• **Your objective**
Among the lines below, a stretch begins at the one with "造花知識 圖解布料沁泡上漿法： 準備工具:南寶樹脂" and ends at the one with "Heißes Badehöschen, Jorge!". Repeat that stretch exactly, ends included.

• **Listed entries**
* * * * * * *

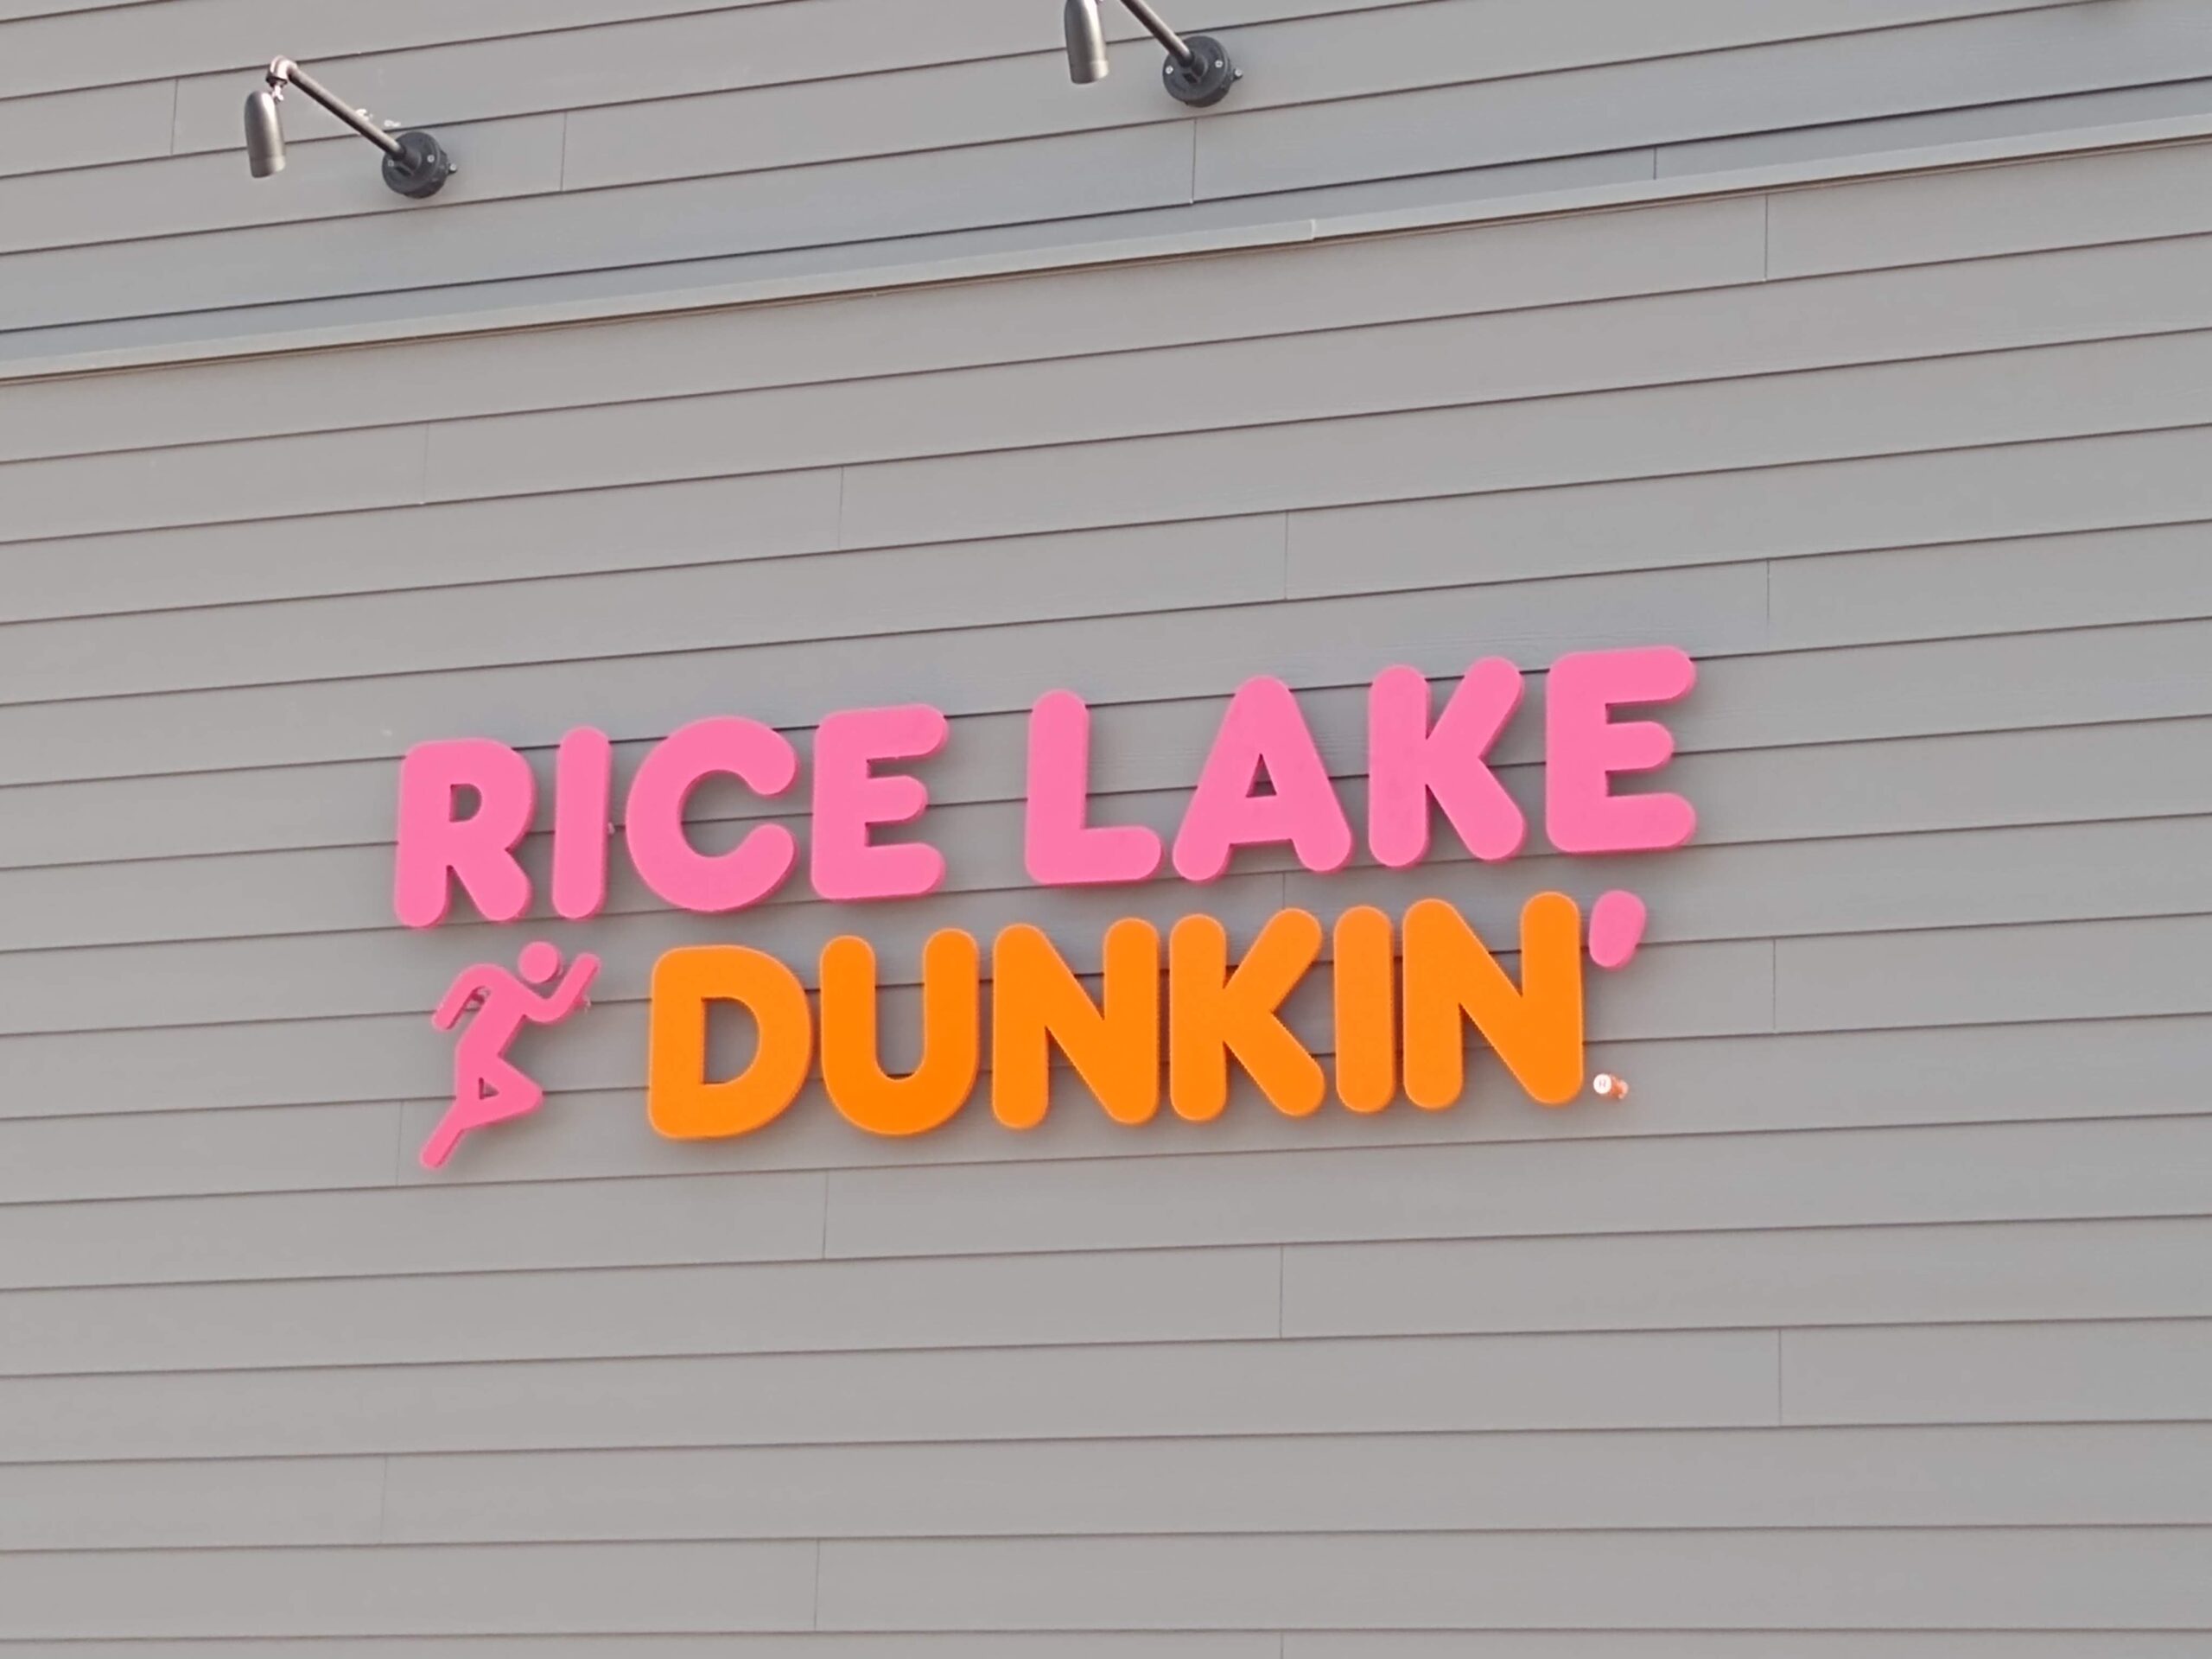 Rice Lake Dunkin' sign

* * * * * * *

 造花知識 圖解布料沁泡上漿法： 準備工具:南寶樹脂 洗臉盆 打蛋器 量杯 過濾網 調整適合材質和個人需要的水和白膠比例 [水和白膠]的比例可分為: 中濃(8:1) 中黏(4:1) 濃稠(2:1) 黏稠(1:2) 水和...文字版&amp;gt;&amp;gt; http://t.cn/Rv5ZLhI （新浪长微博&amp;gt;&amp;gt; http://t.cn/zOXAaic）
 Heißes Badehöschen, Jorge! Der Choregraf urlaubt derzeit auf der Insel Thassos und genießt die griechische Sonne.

* * * * * * *

• **Written response**
 造花知識 圖解布料沁泡上漿法： 準備工具:南寶樹脂 洗臉盆 打蛋器 量杯 過濾網 調整適合材質和個人需要的水和白膠比例 [水和白膠]的比例可分為: 中濃(8:1) 中黏(4:1) 濃稠(2:1) 黏稠(1:2) 水和...文字版&amp;gt;&amp;gt; http://t.cn/Rv5ZLhI （新浪长微博&amp;gt;&amp;gt; http://t.cn/zOXAaic）
 Heißes Badehöschen, Jorge! Der Choregraf urlaubt derzeit auf der Insel Thassos und genießt die griechische Sonne.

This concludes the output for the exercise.